Keywords: Proteomics, Discrete stationary wavelet transform, Data mining, Feature selection, Biomarker, Cancer classification
INTRODUCTION
A major problem in the treatment of cancer is the lack of a suitable technique for early diagnosis of the disease. Unfortunately, the breast and ovarian cancers are widespread within the population of women, and the early diagnosis of these cancers can greatly reduce the mortality rate (Jemal et al., 2007). The most widely used biomarkers do not present accurate diagnosis results (Alaoui-Jamali and Xu, 2006). Therefore, there is still a need for accurate biomarkers, including ones that can identify the ovarian and breast cancers in their early stage of development.
In recent years, researchers have tried to use proteomic technologies for identifying the set of proteins or peptides that are related to the disease (Liu et al., 2002; Ressom et al., 2005; Bhanot et al., 2006; Xu et al., 2006; Shin et al., 2008; Zhu et al., 2008). The surface-enhanced laser desorption/ionization time-of-flight mass spectrometry (SELDI-TOF MS) is currently the most viable technique that generates the protein patterns from biological fluids such as serum, plasma, and urine (Hu et al., 2005; Zinkin et al., 2008). Mass spectrometry is a high-throughput tool that generates a large-scale protein profile. Due to the large number of variables and the small size of samples, the data-mining approaches are necessary to overcome the challenges such as dimensionality reduction, feature selection, and biomarker identification (Thomas et al., 2006; Hilario and Kalousis, 2008).

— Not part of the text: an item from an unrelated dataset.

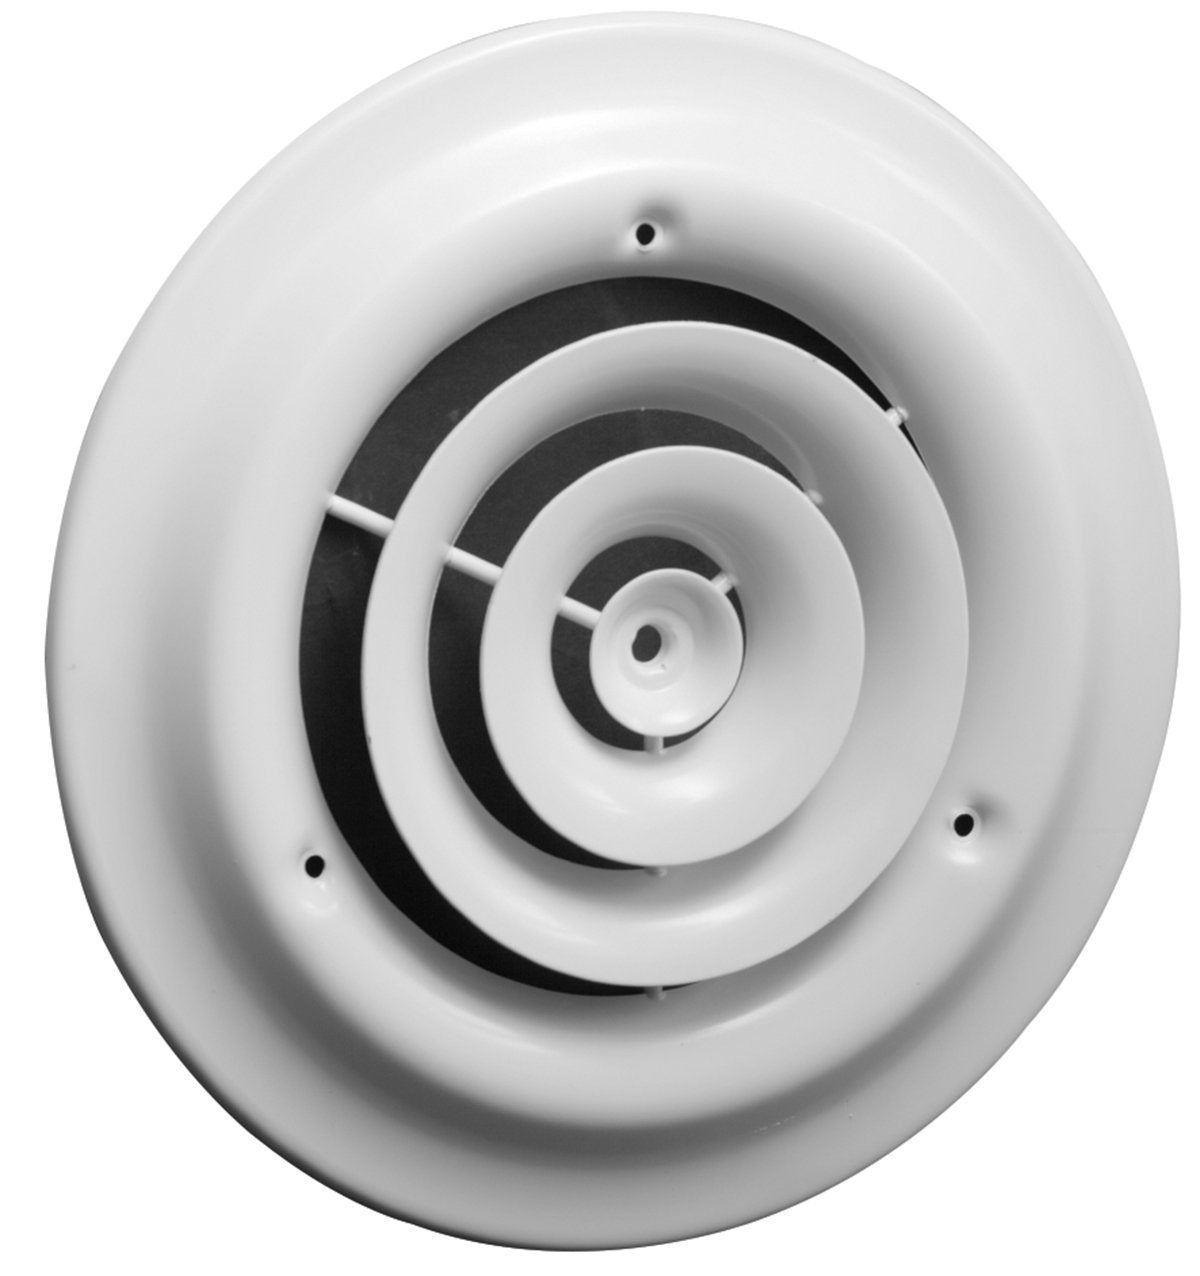 10&quot; Round Ceiling Diffuser - Easy Air Flow - HVAC Duct [White]

In the earlier published works, SELDI-TOF MS based cancer diagnosis combined with a data-mining approach has been used to find new biomarkers with high discriminative power (Adam et al., 2002; Petricoin et al., 2002; Yu et al., 2005). In our study, we have developed a data-mining approach based on discrete stationary wavelet transform (DSWT) and discriminant analysis to find highly accurate biomarkers from proteomic profiles. Our method has shown good diagnostic results in the breast and ovarian cancer datasets.
MATERIALS AND METHODS
Data description
We applied our method on two publicly available proteomic datasets. These datasets, hereafter, referred to as DS1 and DS2, contained SELDI-TOF MS protein profiles of ovarian and breast cancers respectively. DS1 is freely available from proteomics databank of Food and Drug Administration of National Cancer Institute website (http://home.ccr.cancer.gov/ncifdaproteomics/ppatterns.asp). DS2 is available from Bioconductor website (http://bioconductor.org).
DS1 consists of 253 serum spectra composed of 15 154 distinct points on the mass-to-charge ratio axis (m/z values). DS2 consists of 167 spectra with 13 488 distinct m/z values. In these datasets, each spectrum is defined by m/z values in the range of 0~20 000 Da and corresponds to the points on the signal intensity axis representing the abundance of proteins in the serum sample. The distribution of samples for each dataset is illustrated in Table 1.
Table 1.
Datasets | Normal samples | Cancer samples |
Ovarian cancer (DS1) | 91 | 162 |
Breast cancer (DS2) | 77 | 90 |
Data modeling
From the modeling point of view, the mass spectral curve may be considered in terms of additive and independent components (Malyarenko et al., 2005; Hilario et al., 2006). We assumed that there were n measured spectra, each sampled in the time interval T of TOFs tj (j=1,...,T). The following mathematical expression can be written for the mass spectrum signal (Morris et al., 2005):
yi(tj)=Bi(tj)+NiSi(tj)+εij, i=1,2,...,n. | (1) |
In this model, the signal intensity or abundance of a molecule, yi(tj), refers to each distinct mass in the TOF tj. The baseline, Bi(tj), denotes a systematic error that is mainly due to the molecules of the energy-absorbing matrix. The true signal, Si(tj), represents the peak profile of each molecule in the biological sample and is scaled in each spectrum by the normalization factor Ni. The last term, εij, shows the chemical noise that is assumed to have a Gaussian distribution.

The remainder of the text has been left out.